I don't think you mean growable vectors. AFAIU all three functions you mentioned were implemented in DT before growable vector happened in R.

SebKrantz commented 1 month ago

Ok, yes I mean the manipulation of the visible and true vector length with SETLENGTH and SET_TRUELENGTH - you use that to overallocate data.tables and make them behave like normal data.frames at the R-level which is effectively creating a growable vector - the vector is fixed but the overallocated part is hidden. In chmatch() you use the same functions to use the CHARSXP table as a hash table. Anyway, it seems to me := wouldn't be possible in an API conform way without this length manipulation - thus my question about R-core engagement.

aitap commented 1 month ago

Over-allocated vectors (including lists since R-4.3.0) can be implemented using ALTREP in something like 60-100 lines of code (separate implementation for each primitive type, unfortunately). I expect it to be hard but not impossible to (1) refactor data.table's use of SETLENGTH, TRUELENGTH, SET_GROWABLE_BIT into an abstract "over-allocated growable vector" interface and (2) reimplement it in ALTREP #if R_VERSION >= R_Version(4,3,0).
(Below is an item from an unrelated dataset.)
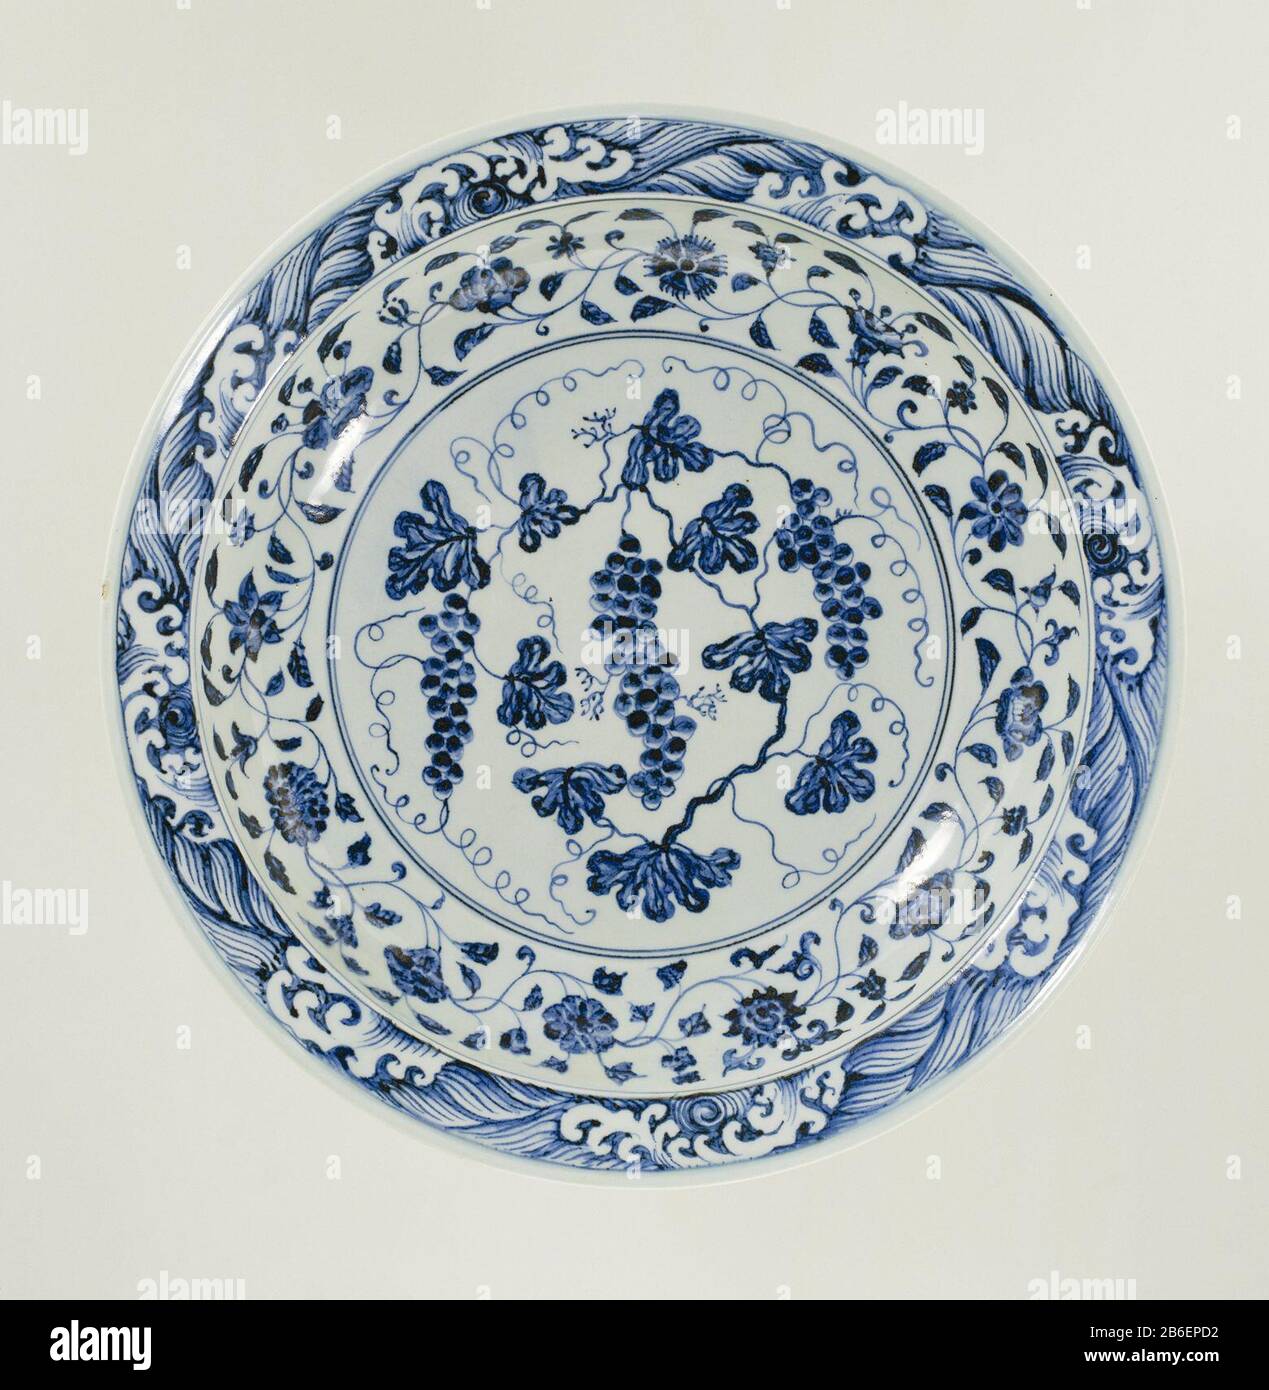 Dish plate with grapes and flower tendrils Schotel van porselein,  beschilderd in onderglazuur blauw. Op het plat een druivenrank. De wand met  een doorlopende bloemrank en de rand met een band met

Use of SET_TRUELENGTH in string matching functions as a free integer-sized field in every CHARSXP will be much harder to get rid of. I'm not seeing any other fields in a CHARSXP that could be used in API-compliant way for this purpose, which leaves hash tables, which have different performance characteristics. Also, the C standard doesn't guarantee that if (void*)a == (void*)b, (uintptr_t)a == (uintptr_t)b will also hold.

SebKrantz commented 1 month ago

It's a nice idea, although it would significantly reduce backwards compatibility by one major version (data.table currently depends R >= 3.3.0) and I'm not sure what consequences ALTREP would have for the interopertability of data.table, particularly for package C code meant to manipulate standard data frames (and for storage as rds and reading if data.table is not loaded)? In any case, if maintainers are unsure how to proceed, perhaps invite R-core to the conversation (e.g. Thomas Kalibera (kalibera) or Luke Tierney (ltierney)). Seems also the vctrs team has not found a solution yet (https://github.com/r-lib/vctrs/issues/1933) so it seems this is not a small issue (and we're talking about probably a third or quarter of CRAN packages that depends on data.table and vctrs, so it must be of concern to R-core that a good solution is found here)

aitap commented 1 month ago

Part of the idea is to keep both implementations and use the original one for R ∈ [3.3.0; 4.3.0) and the ALTREP one for R ≥ 4.3.0. Maintenance burden, yes, but the old code is already quite stable, and the internals of old R versions aren't going to change.

The C code, even if it requests raw data pointers, shouldn't notice anything amiss: since the ALTREP class already carries a full-blown over-allocated object of the same type inside it, it can return its (writeable) data pointer when requested.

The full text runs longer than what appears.